AIRE DISCUSSION ON TEACHING: CURRICULUM DEVELOPMENT AND ASSESSMENT
FEB. 25, 2000
8 present
Jan Thornton, AIRE Project Director opened the discussion by asking where
faculty were in their curriculum development, where they were with curriculum
assessment (what has worked and what hasn't worked) and asked them to
think about what would best help them in future attempts at curriculum
development and assessment. Thornton also informed faculty that there
is an AIRE website.
Luis Fernandez and Robert Piron from Economics spoke about their
curriculum development. They designed a web-based experiment on Expected
Utility Theory. This web-based experiment can be used for research purposes
and to help teach students more about what underlies choices under risk.
Expected Utility Theory is taught in a number of courses including Game
Theory and Intermediate Microeconomic Theory. Fernandez and Piron designed
a complex experiment that has all the needed pieces. Next, the faculty
members will pull out modules of this program to use in class next fall.
They did a simplified version in class this year and it went well. In
the future, students will be able to run this experiment on themselves
and find out how risk aversive or risk loving they are. In the past they
were able to demonstrate this on only a single student from a class. Now
all the students can be active participants. Fernandez and Piron are currently
working on strategies for assessment. As for dissemination, the work is
web-based so they anticipate that they will be able to publish it and
make it available to others.
Patty deWinstanley from Psychology said that in the past she had
been concerned about the level of student misunderstanding about psychology
and science so she has developed a first year course that incorporates
scientific methodology and research to try to mitigate some of these misconceptions.
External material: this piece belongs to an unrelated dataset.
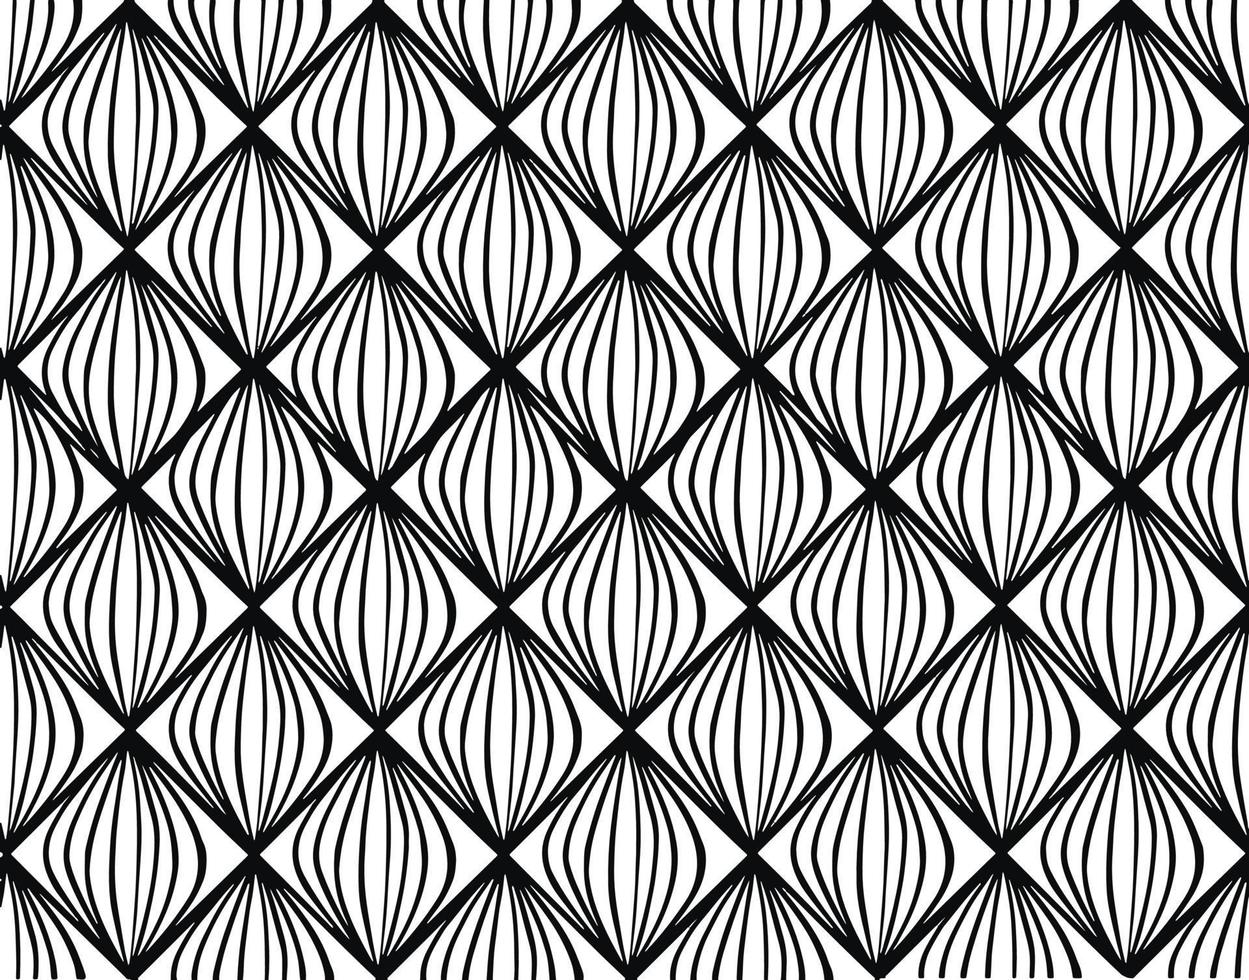 Black and white rhythmic seamless pattern. Vector illustration

She is currently teaching this course, called Applied Psychological Science,
for the first time. She has developed a set of goals and a number of research
activities that the students in the course will do over the semester.
The students have already constructed a survey as part of the course.
Students will also learn to critically evaluate media presentation of
science. As for curricular assessment, deWinstanley has already administered
a pretest and will give a post test at the completion of the course to
try to ascertain any gains made by the students. She recognizes that there
is no perfect control group but plans to administer the same tests to
Intro Psych students as a partial control. DeWinstanley shared some of
the results of the pretest.
Michael Loose spoke briefly and said that he has also given a
pretest to determine what level of knowledge his students enter his class
with and to determine to what extent that is improved when they leave.
The group of faculty talked about assessment and what could be done in
the future to help with assessment. Some mentioned that some of the broader
goals faculty might have, such as enhancing critical thinking skills,
are more difficult to assess than particular content knowledge. Some felt
that it would be helpful to hire a professional to spend time on the campus
and develop a series of models that could work in various classes. Others
were less confident that this would work. It was suggested that we look
at the resources of places like Ohio State to see if they might have something
to offer. It was suggested that it might be useful to have a consultant
in to Oberlin during winter term or summer when faculty are developing
their courses. It was also suggested that we should look more closely
at our on-campus resources and that perhaps we could offer a summer stipend
to someone on-campus who could act as a consultant.